After a number of rounds of investment, the investors of a privately held corporation have decided not to put in more money to fund the company's operations. The company will be out of cash within a few months and borrowing from the company's lender is no longer an option. The accounts payable list is growing (and aging) and some creditors have started to demand payment. A sale of the business may be possible, however, and a term sheet from a potential buyer is anticipated soon. The company's real property lease will expire in nine months, but it's possible that a buyer might want to take over the lease.

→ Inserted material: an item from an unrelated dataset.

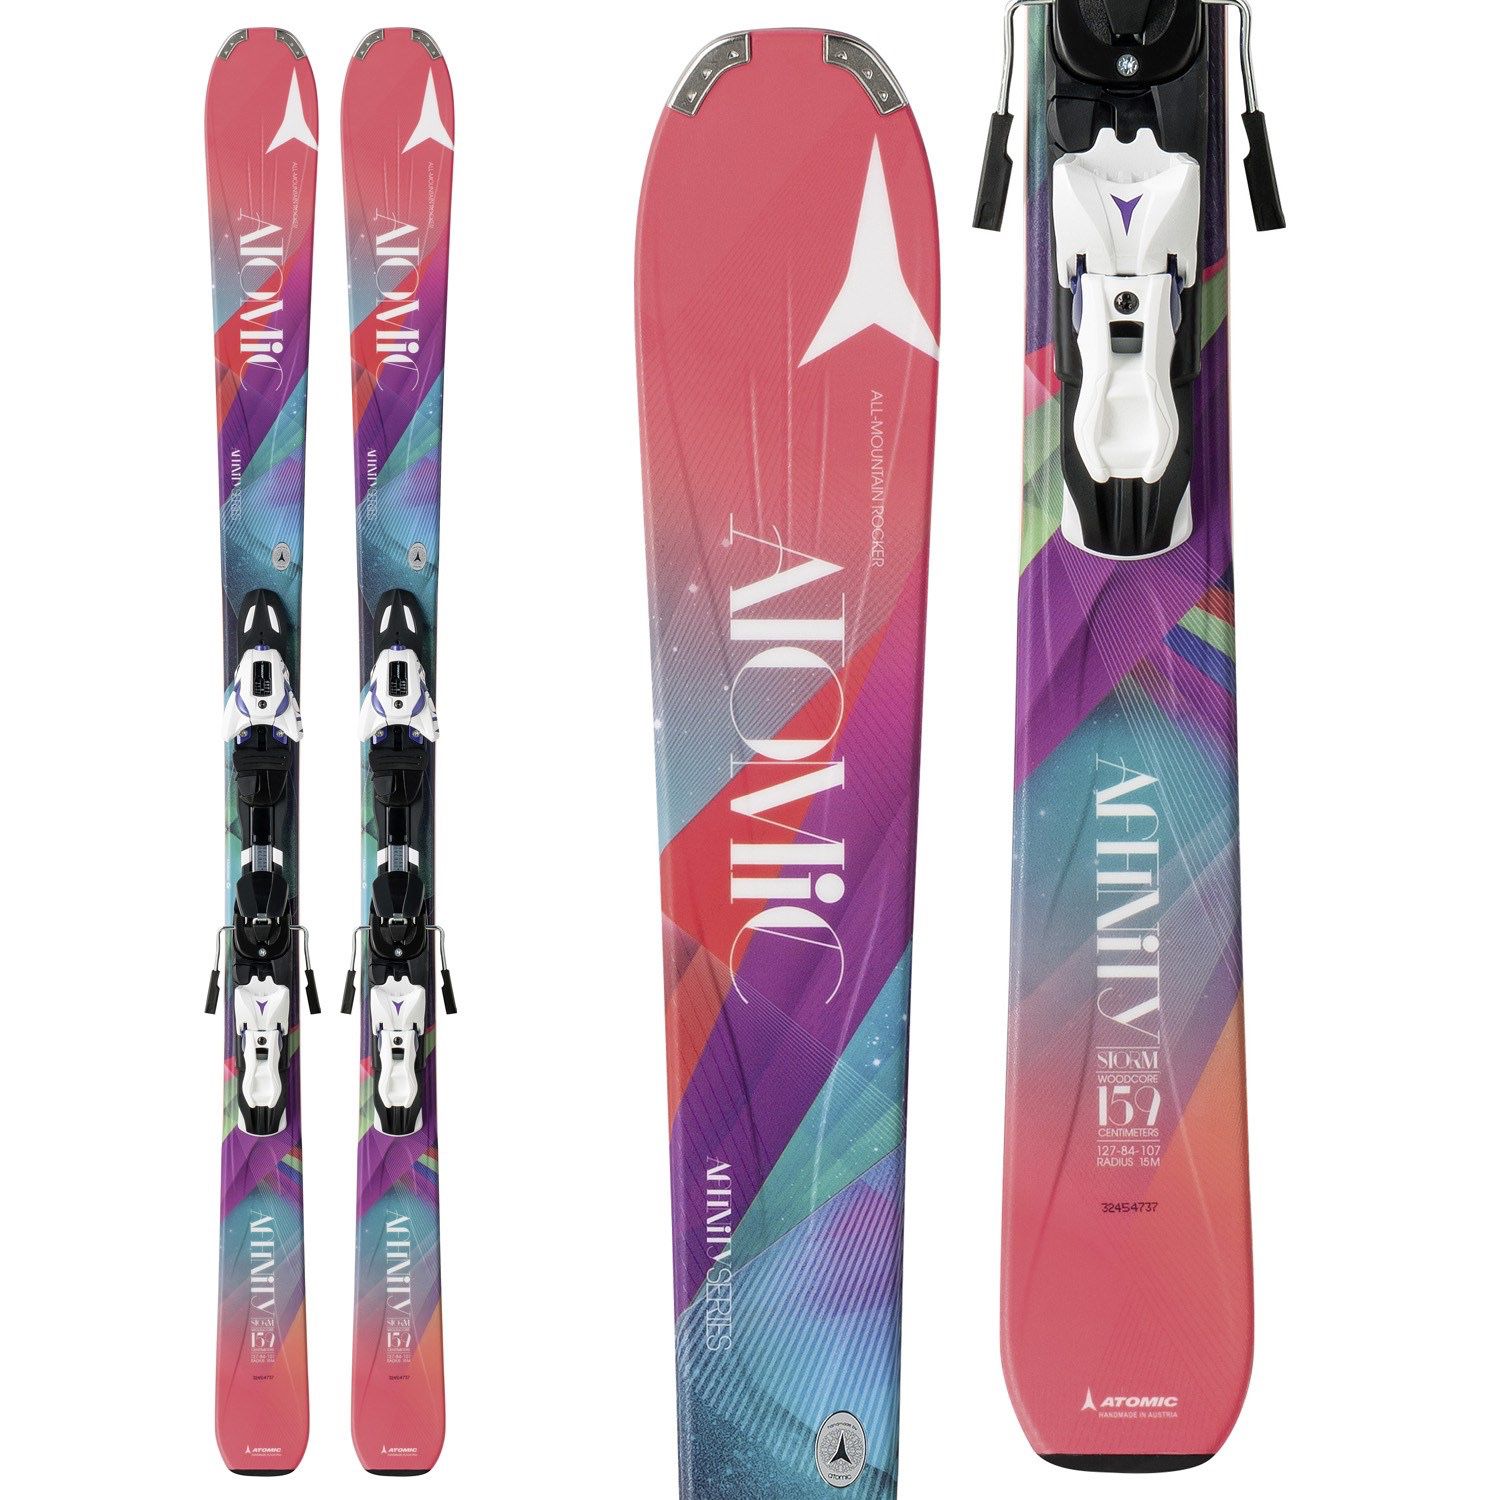 Affinity Storm 167cm Womens Ski w/ Atomic XTO 10 Lady Binding BRAND NEW IN BOX

With the ABC overview in mind:
The prospect of a term sheet from a potential buyer may influence whether our hypothetical company should choose an ABC or another approach. Some buyers will refuse to purchase assets outside of a Chapter 11 bankruptcy or a Chapter 7 case. Others are comfortable with the ABC process and believe it provides an added level of protection from fraudulent transfer claims compared to purchasing the assets directly from the insolvent company. Depending on the value to be generated by a sale, these considerations may lead the company to select one approach over the other available options.
The Asset Sale
In California where no court approval is required for a sale, the ABC can mean a much faster closing -- often within a day or two of the ABC itself provided that the assignee has had time to perform due diligence on the sale and any alternatives -- instead of the more typical 30-60 days required for bankruptcy court approval of a Section 363 sale. Given the speed at which they can be done, in the right situation an ABC can permit a "going concern" sale to be achieved.
Secured creditors with liens against the assets to be sold will either need to be paid off through the sale or will have to consent to release their liens; forced "free and clear" sales generally are not possible in an ABC. Unsecured creditor claims are behind secured and priority claims, as in bankruptcy.
If the buyer decides to take the real property lease, the landlord will need to consent to the lease assignment. Unlike bankruptcy, the ABC process generally cannot force a landlord or other third party to accept assignment of a lease or executory contract. If the buyer decides not to take the lease, or no sale occurs, the fact that only nine months remains on the lease means that this company would not benefit from bankruptcy's cap on landlord claims. If the company's lease had years remaining, and if the landlord were unwilling to agree to a lease termination approximating the result under bankruptcy's landlord claim cap, the company would need to consider whether a bankruptcy filing was necessary to avoid substantial dilution to other unsecured creditor claims that a large, uncapped landlord claim would produce in an ABC.
The Deal Falls Through
If the potential buyer walks away, the assignee is responsible for determining whether a sale of all or a part of the assets was still possible. In any event, assets would be liquidated by the assignee to the extent feasible and any proceeds would be distributed to creditors in order of their priority through the ABC's claims process.